Сегодня мать сказала по телефону, что суфле есть, и добавила:
— Если хочешь, встречай меня.
К семи вечера я был на углу площади Ногина и улицы Разина. Я ждал у подъезда наркомата. До окончания рабочего дня оставалось не более трех минут. Репродуктор на соседнем доме только объявил: «…третий сигнал дается в девятнадцать часов по московскому времени».
Передо мной лежала площадь — темная, вечерняя, слабо мерцающая голубым светом автомобильных и автобусных фар.
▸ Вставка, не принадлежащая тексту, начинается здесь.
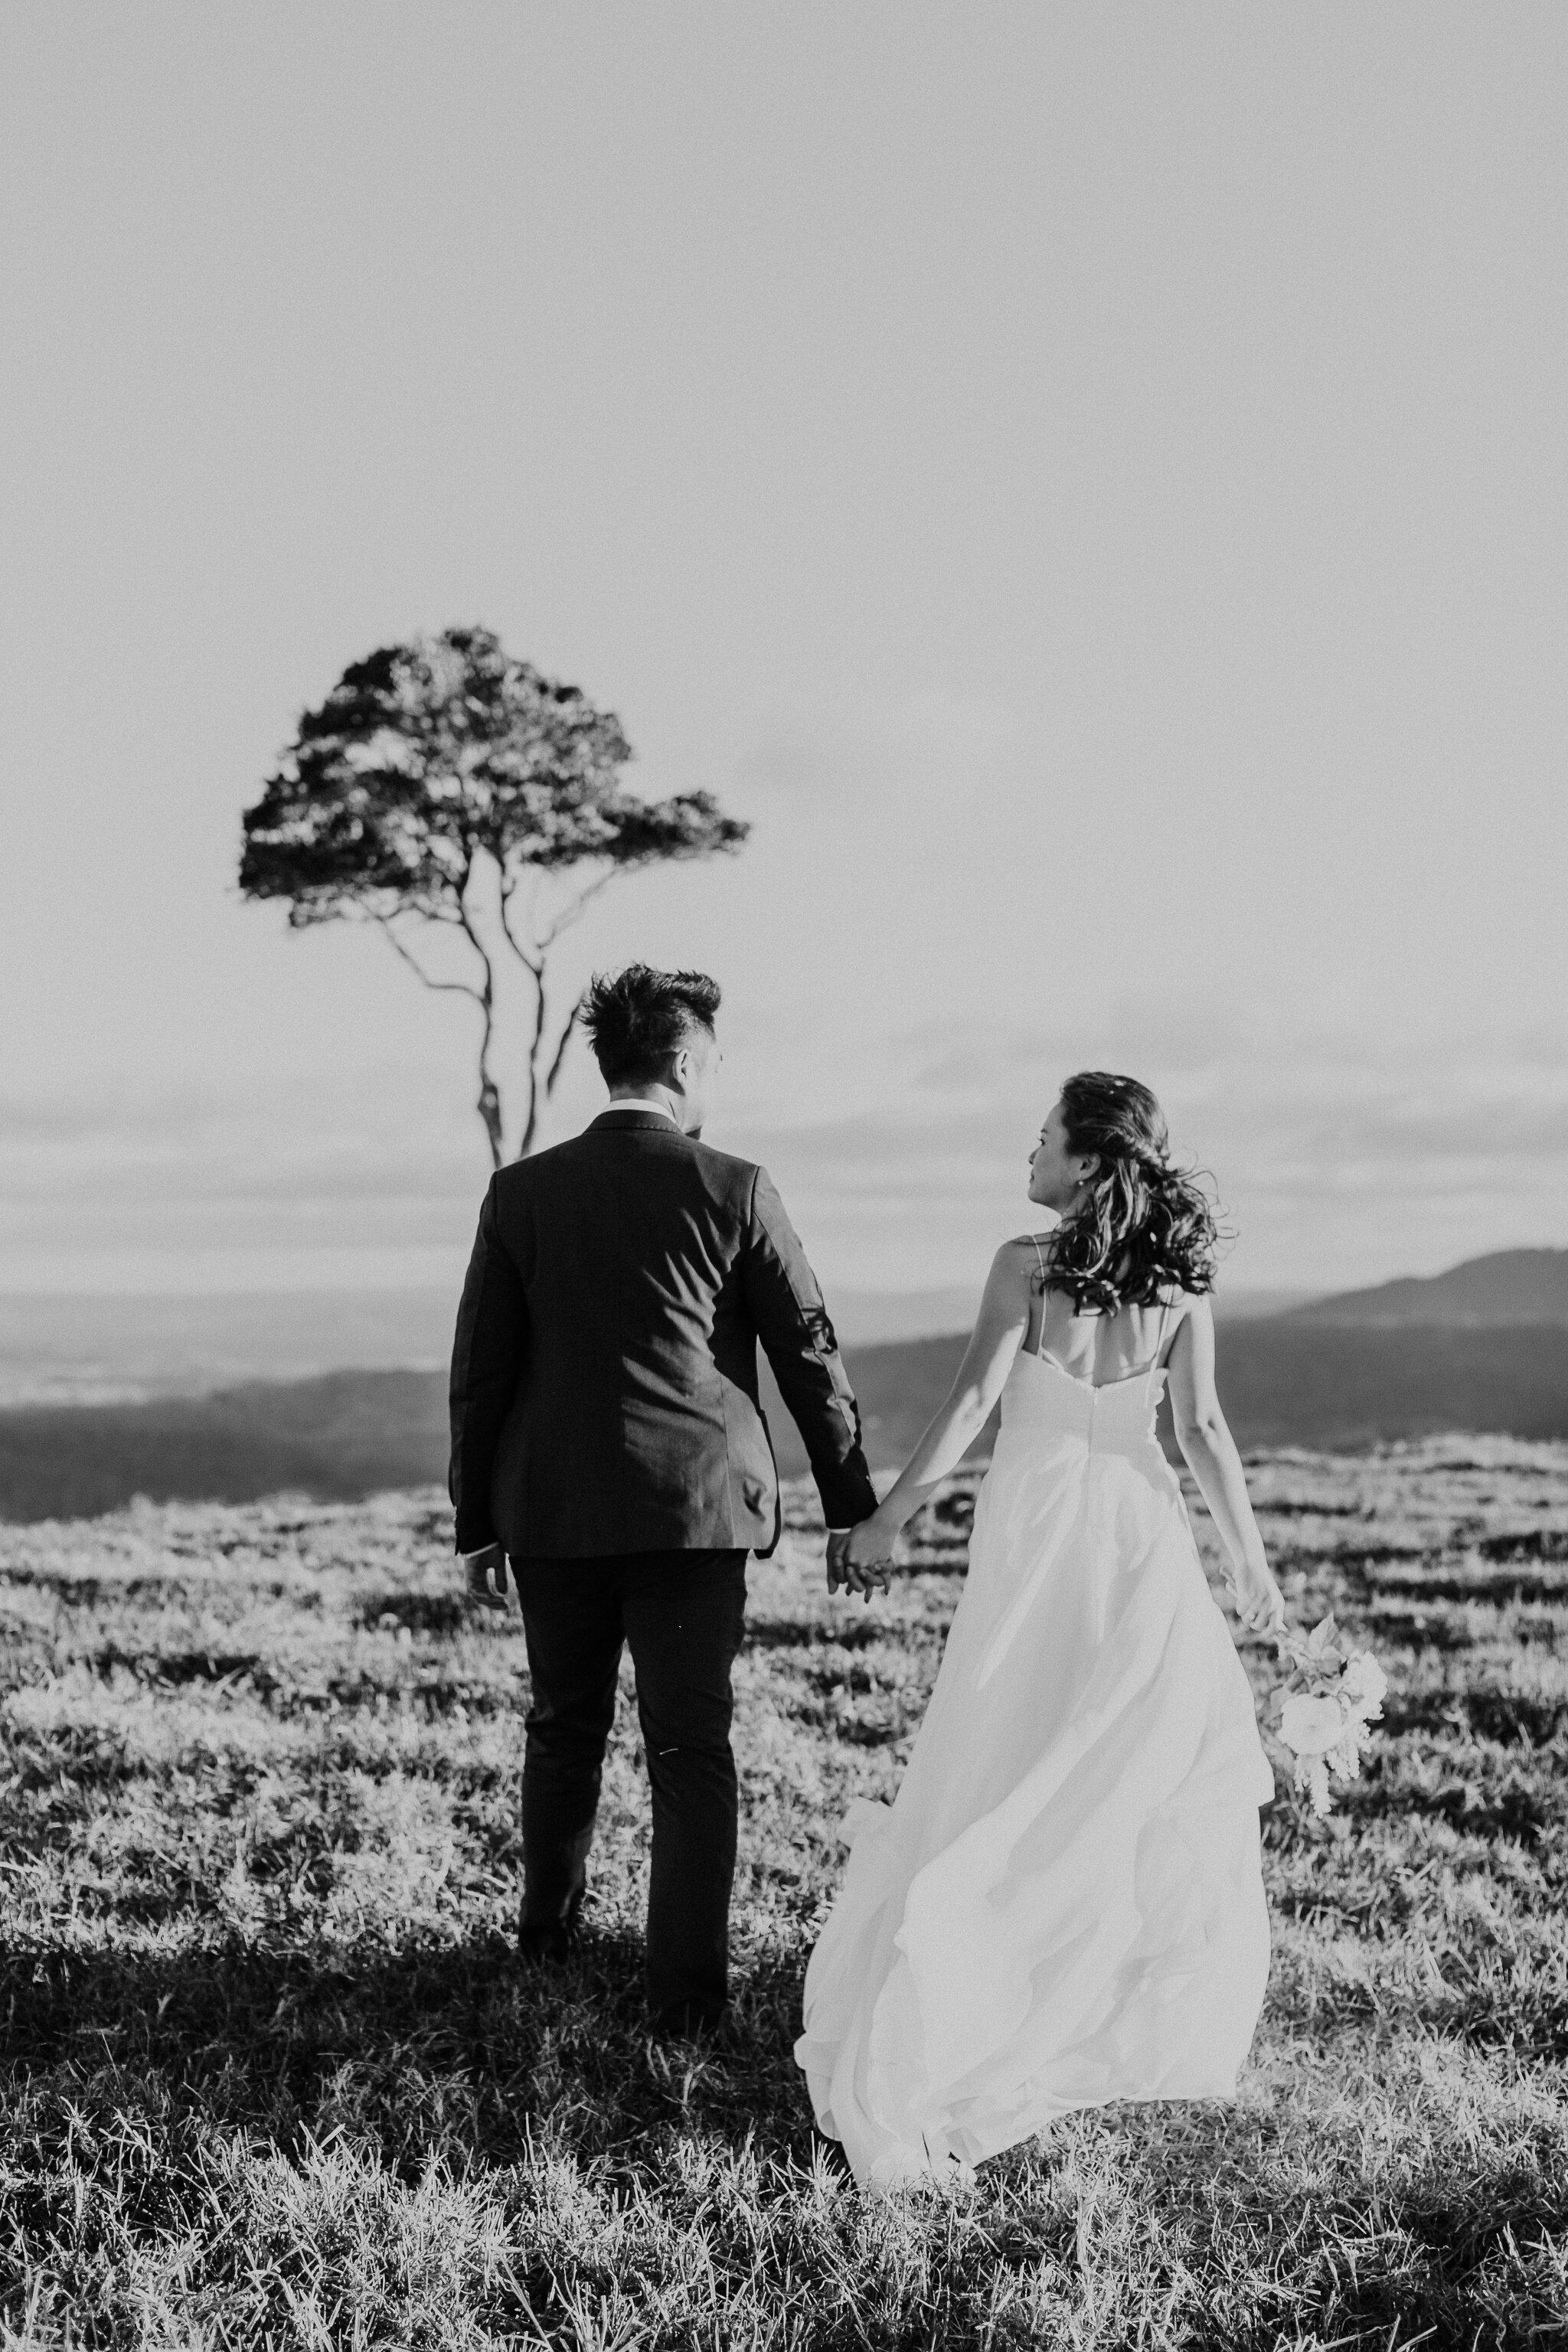 Maleny One Tree Hill Wedding - Maleny Wedding Photographer-4.jpg

Снега в Москве еще не было. Иногда выпадал вместе с дождем и сразу таял. А сейчас стояла прохладная, но сухая погода. Вдоль голого Ильинского сквера вверх и вниз ползли переполненные трамваи.
Мать вышла из подъезда как раз в ту минуту, когда по радио прозвучал третий, последний сигнал «проверки времени». И в ту же минуту страшной силы удар потряс землю. Столб дыма, огня и пыли взметнулся от Ильинского сквера, раздались отчаянные крики, полетели стекла и оконные рамы. Два трамвайных состава, спускавшихся к площади Ногина, перевернуло взрывной волной и бросило в сквер.
Трудно было сообразить, что случилось: бомбардировка или просто взрыв. Мы побежали по улице Разина в сторону Красной площади.
— Скорей, скорей домой! — говорила мать.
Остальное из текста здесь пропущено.